| EXCERPTED DATA |
Segment Open

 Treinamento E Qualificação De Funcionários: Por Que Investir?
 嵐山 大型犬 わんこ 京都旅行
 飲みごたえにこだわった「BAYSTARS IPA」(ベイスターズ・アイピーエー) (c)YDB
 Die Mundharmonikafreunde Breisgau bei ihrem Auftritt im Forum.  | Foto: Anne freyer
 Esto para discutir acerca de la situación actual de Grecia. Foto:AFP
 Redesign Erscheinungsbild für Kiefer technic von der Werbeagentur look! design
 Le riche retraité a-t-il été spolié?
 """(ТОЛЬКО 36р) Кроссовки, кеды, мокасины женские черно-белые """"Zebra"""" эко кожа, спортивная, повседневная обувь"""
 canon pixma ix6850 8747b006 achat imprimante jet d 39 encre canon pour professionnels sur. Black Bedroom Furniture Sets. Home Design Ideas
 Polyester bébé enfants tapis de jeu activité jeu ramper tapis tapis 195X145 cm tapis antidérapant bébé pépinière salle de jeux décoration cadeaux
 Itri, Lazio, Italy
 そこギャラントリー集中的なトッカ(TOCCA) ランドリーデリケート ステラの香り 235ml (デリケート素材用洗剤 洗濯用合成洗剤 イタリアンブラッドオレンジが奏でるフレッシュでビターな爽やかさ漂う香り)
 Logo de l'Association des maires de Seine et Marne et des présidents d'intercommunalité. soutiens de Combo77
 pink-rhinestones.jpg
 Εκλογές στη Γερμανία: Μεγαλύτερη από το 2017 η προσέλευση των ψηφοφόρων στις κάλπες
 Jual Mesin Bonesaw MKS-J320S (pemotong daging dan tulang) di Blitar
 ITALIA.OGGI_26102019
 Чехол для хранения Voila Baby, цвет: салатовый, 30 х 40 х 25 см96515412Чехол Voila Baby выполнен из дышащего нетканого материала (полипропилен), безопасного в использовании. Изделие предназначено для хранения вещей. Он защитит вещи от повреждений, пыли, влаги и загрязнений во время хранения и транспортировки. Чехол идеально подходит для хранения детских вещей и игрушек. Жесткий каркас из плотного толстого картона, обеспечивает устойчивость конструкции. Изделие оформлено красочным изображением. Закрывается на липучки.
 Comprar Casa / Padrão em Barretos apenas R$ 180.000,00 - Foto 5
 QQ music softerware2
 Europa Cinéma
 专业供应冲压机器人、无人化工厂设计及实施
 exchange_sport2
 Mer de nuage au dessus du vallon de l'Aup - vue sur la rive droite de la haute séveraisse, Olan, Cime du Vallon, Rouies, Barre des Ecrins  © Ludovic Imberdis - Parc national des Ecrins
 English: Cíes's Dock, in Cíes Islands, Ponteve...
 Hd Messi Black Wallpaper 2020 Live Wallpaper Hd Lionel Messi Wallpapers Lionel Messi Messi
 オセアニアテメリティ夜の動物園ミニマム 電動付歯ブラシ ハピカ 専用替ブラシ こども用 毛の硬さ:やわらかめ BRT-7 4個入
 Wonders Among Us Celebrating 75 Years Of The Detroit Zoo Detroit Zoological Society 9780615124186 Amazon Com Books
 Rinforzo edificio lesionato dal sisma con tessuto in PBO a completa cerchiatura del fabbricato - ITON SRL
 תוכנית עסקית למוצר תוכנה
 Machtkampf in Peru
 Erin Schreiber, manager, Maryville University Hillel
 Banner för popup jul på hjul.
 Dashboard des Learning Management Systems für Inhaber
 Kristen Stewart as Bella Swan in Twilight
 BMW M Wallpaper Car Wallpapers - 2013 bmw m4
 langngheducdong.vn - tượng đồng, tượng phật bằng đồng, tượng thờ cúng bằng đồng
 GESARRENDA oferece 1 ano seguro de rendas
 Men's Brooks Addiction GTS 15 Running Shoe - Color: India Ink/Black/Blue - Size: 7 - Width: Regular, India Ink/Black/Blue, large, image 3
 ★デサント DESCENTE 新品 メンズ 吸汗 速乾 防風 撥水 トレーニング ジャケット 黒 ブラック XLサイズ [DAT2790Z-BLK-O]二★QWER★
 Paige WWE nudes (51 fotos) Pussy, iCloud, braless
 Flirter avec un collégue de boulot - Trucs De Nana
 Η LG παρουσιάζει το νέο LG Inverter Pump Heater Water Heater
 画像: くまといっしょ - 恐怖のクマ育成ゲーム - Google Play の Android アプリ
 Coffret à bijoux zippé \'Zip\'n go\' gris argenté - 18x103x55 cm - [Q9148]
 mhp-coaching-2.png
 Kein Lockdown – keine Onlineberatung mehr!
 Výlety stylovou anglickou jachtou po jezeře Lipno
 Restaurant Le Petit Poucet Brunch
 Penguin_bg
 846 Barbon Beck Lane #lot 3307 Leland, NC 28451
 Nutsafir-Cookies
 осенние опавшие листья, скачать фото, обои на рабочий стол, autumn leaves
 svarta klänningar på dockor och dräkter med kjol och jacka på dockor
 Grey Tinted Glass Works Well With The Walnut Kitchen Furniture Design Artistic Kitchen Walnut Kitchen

Segment Closed

| TRY IT |
Which lines above run from the one containing "ブラック XLサイズ [DAT2790Z-BLK-O]二★QWER★" to the one containing "Coffret à bijoux"? Give them again exactly, both ends included.

| EXPECTED ANSWER |
 ★デサント DESCENTE 新品 メンズ 吸汗 速乾 防風 撥水 トレーニング ジャケット 黒 ブラック XLサイズ [DAT2790Z-BLK-O]二★QWER★
 Paige WWE nudes (51 fotos) Pussy, iCloud, braless
 Flirter avec un collégue de boulot - Trucs De Nana
 Η LG παρουσιάζει το νέο LG Inverter Pump Heater Water Heater
 画像: くまといっしょ - 恐怖のクマ育成ゲーム - Google Play の Android アプリ
 Coffret à bijoux zippé \'Zip\'n go\' gris argenté - 18x103x55 cm - [Q9148]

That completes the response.